The Protein Engineering Section combines X-ray crystallography with strong molecular biology support to enhance and accelerate studies of protein function and drug development. A number of highly collaborative projects are currently underway.
With Dr. John (Jay) Schneekloth (Chemical Biology Laboratory, CCR), we are attempting to develop inhibitors/chemical probes of Ubc9, the lone SUMO-conjugating enzyme in humans. SUMOylation regulates a wide variety of biological processes, and defects in SUMO homeostasis are associated with many diseases including cancer. High-resolution crystal structures of Ubc9 with drug-like ligands are being sought and obtained by “fragment screening” and other complementary approaches.
Human tyrosyl-DNA phosphodiesterase 1 (Tdp-1) is the focus of another project. Tdp1 inhibitors are expected to act synergistically with topoisomerase 1-targeting drugs (camptothecins, indenoisoquinolines), topoisomerase II inhibitors (etoposide, doxorubicin), bleomycin, and DNA alkylating agents that are already used for cancer chemotherapy. In collaboration with Dr. Yves Pommier (Developmental Therapeutics Branch, CCR), we are seeking to elucidate the structural basis for inhibition of Tdp-1 by various compounds and, by extension, gain insight into how these inhibitors might be improved by rational design.

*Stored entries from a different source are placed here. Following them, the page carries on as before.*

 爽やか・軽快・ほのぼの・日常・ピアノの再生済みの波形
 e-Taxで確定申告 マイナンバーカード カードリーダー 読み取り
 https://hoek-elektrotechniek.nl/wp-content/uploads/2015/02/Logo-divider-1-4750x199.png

Protein phosphorylation is a reversible event that is carefully controlled by the opposing activities of kinases and phosphatases. Abnormal changes to this equilibrium often lead to deleterious effects such as deregulated cell growth and cancer. We are collaborating with Dr. Terrence Burke Jr. (Chemical Biology Laboratory, CCR), an expert in the field of protein tyrosine phosphatase (PTPase) inhibition, to develop inhibitors of PTPase epsilon, a membrane-bound enzyme with tandem catalytic domains that is up-regulated in human breast cancer cells and which also appears to be a negative regulator of insulin receptor signaling. To facilitate this goal, we have recently determined a high-resolution crystal structure of the membrane-proximal catalytic domain (the other PTPase domain has little or no catalytic activity).

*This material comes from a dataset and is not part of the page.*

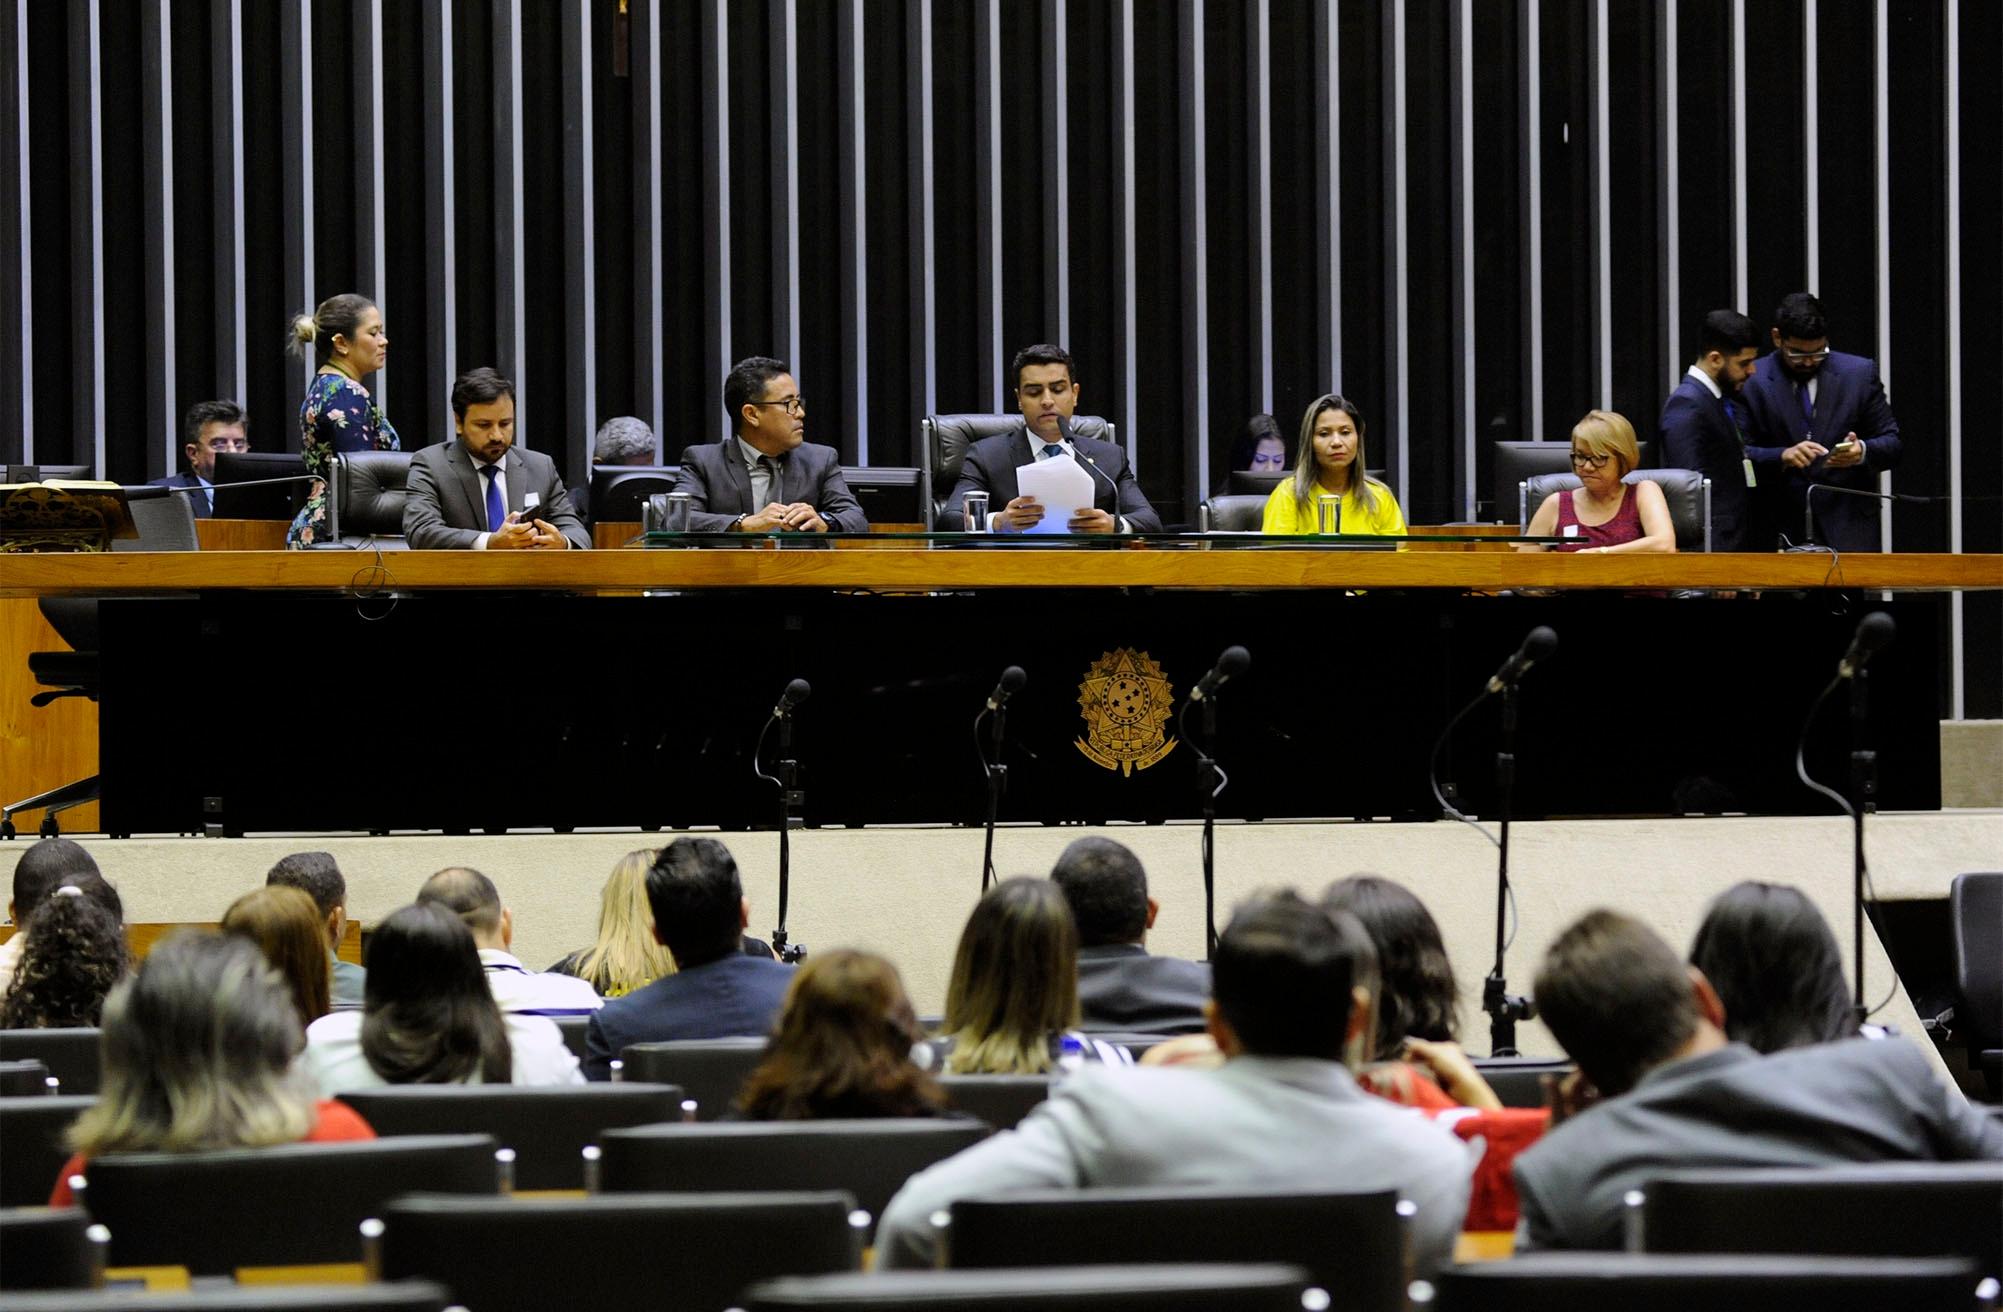 Comissão geral para debate sobre o procedimento de apuração, liberação e aplicação dos recursos referentes às parcelas calculadas de forma equivocada pelo Fundo de Manutenção e Desenvolvimento da Educação Básica e de Valorização dos Profissionais da Educação (FUNDEB-FUNDEF) nos municípios brasileiros

Raf kinase is a central signaling molecule in the mitogen-activated protein kinase cascade that is constitutively activated by mutation at high frequency in certain cancers. Dimerization of the Raf kinase domain is an obligatory step in its activation. Crystal structures of dimeric Raf kinase in complex with a variety of ligands have been determined. However, the structure of monomeric Raf remains unknown, and hence the conformational changes that accompany dimerization and activation are poorly understood. Seeking to gain insight into this process, in collaboration with Dr. Deborah Morrison (Laboratory of Cell and Developmental Signaling, CCR), we are attempting to crystallize and determine the structure of a Raf kinase mutant (R481H) that is unable to dimerize.
Extramural collaborators include investigators at the United States Army Medical Institute of Infectious Diseases (Drs. Robert Ulrich and Kamal Saikh), with whom we are studying the role of the adaptor molecule MyD88 in the innate immune response and structure/function relationships in dual-specificity phosphatases. Working with Dr. Pamela Glass (USAMRIID) and Dr. Patricia Legler of the US Naval Research Laboratory, we are using X-ray crystallography to facilitate the development of inhibitors of Venezuelan Equine Encephalitis Virus protease and related enzymes from Chikungunya virus and Middle East Respiratory Syndrome coronavirus). To this end, a high-resolution crystal structure of VEEV protease has recently been determined.
Finally, the Protein Engineering Section continues to contribute to the development of new and improved methods and reagents for the production of recombinant proteins. In particular, we are interested in understanding how certain highly soluble proteins can prevent the aggregation and promote the proper folding of their fusion partners, and in enzymatic reagents for the removal of affinity tags.
This page was last updated on 4/10/2014.